Recuperação fulgurante para nada.Jorge Carneiro
Começou em grande estilo, a época do Gil Vicente, com uma vitória caseira frente ao Maritimo, e uma vitória espectacular no Estádio da Luz, frente ao campeão Benfica. Mas era um voo alto demais para o Gil Vicente, e os resultados seguintes cedo o demonstraram, tendo obtido poucos pontos que o colocaram na zona da descida durante quase toda a segunda volta. Apenas duas vitórias consecutivas frente ao Braga e ao Belenenses deram neste período algum folego à equipa. O começo da segunda fase foi desastroso com 5 derrotas em 8 jogos, as quais provocaram o despedimento de Ulisses Morais na 25ª Jornada após o jogo com o Sporting. Se antes as coisas, já estavam mal, com a chegada da Paulo Alves tudo piorou, com 3 empates e 2 derrotas, e assim a equipa gilista parecia condenada à entrada para a 31ª Jornada. Mas um sprint final fantástico no qual obteve uma vitória na Figueira da Foz por 4-1, uma vitória por 1-0 frente ao rival Rio Ave, um empate no terreno do europeu Braga e finalmente uma vitória caseira contra o Belenenses valeram o cumprir do sonho da manutenção, que durante o Verão se tornou num pesadelo.
Momento Decisivo
A contratação de Mateus ao Lixa e a sua utilização, que acabou por originar a queixa do Belenenses no fim do campeonato sobre o estatuto de amador do jogador, que acabou por, após grande polémica nos tribunais, provocar a descida de divisão do Gil Vicente.
Gregory foi a grande figura do Gil Vicente, senhor de um forte jogo aereo e de um sentido de oportunidade admiravél, este central francês (ex-Pedras Rubras), notabilizou-se por ter marcado 7 golos, grande parte em situações de bola parada, que garantiram o "salto" para o Maritímo. Carlitos, que parece só saber jogar bem no Gil Vicente, efectou mais uma vez uma grande época, em que a sua técnica fez mais uma vez a diferença, tendo marcado 5 golos.

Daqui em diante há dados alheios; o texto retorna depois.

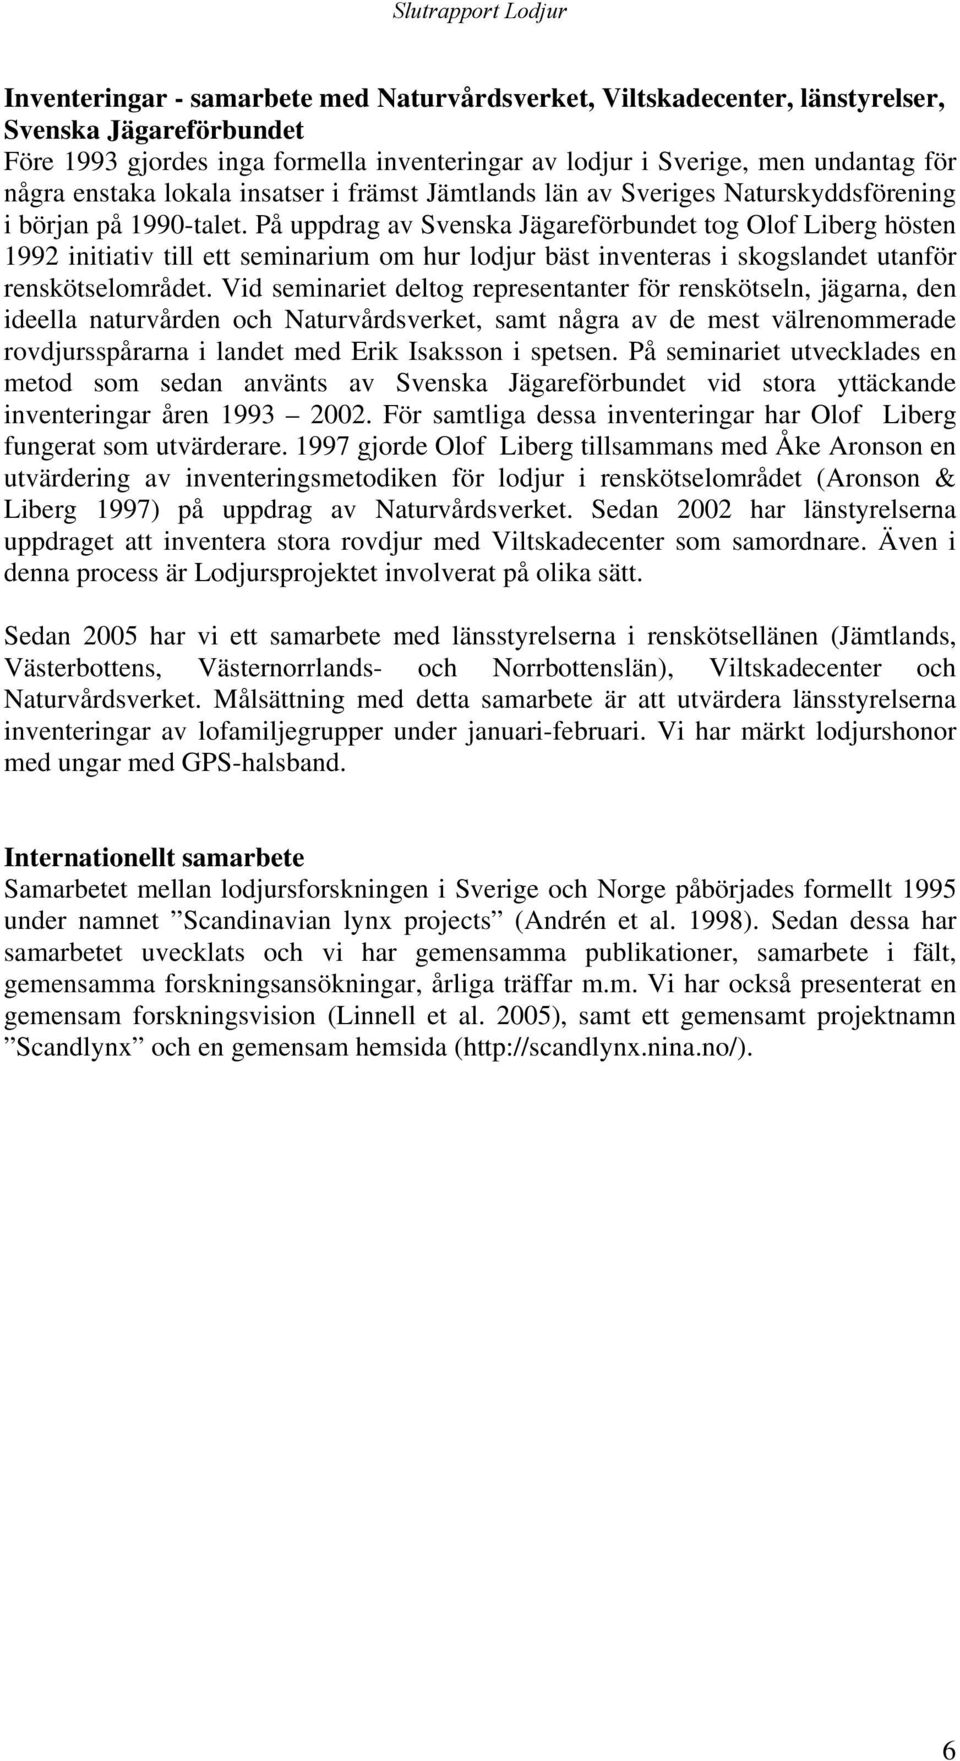 På uppdrag av Svenska Jägareförbundet tog Olof Liberg hösten 1992 initiativ till ett seminarium om hur lodjur bäst inventeras i skogslandet utanför renskötselområdet.

Nesta época assistimos à revelação de um novo talento africano, Mateus, que em 4 jogos, apontou 2 golos e demonstrou grande capacidade técnica, física e facilidade no remate. Jogou muito pouco devido, ao caso Mateus, em que ficou conhecido pelas piores razões, mas obteve a sua recompensa no final da época, quando foi convocado por Oliveira Gonçalves, seleccionador de Angola, para participar no Mundial 2006.
Rodolfo Lima, cujo aparecimento repentino, surpreendeu em Portugal (passou do Lourel, das Distritais para o Alverca), desiludiu pela segunda vez consecutiva, tendo jogado muito pouco tempo e não tendo apontado nenhum golo. Tem como atenuante o facto de raramente ter sido utilizado na sua posição natural.
Ulisses Morais conseguiu manter, não com muitos recursos à disposição, o Gil Vicente numa posição estavél na 1ª Volta, mas o começo da 2ª Volta e uma série negra de resultados, ditaram a sua substuição por Paulo Alves que começou mal, mas que conseguiu dar a volta à equipa, que garantiu uma manuntenção muito sofrida na última jornada.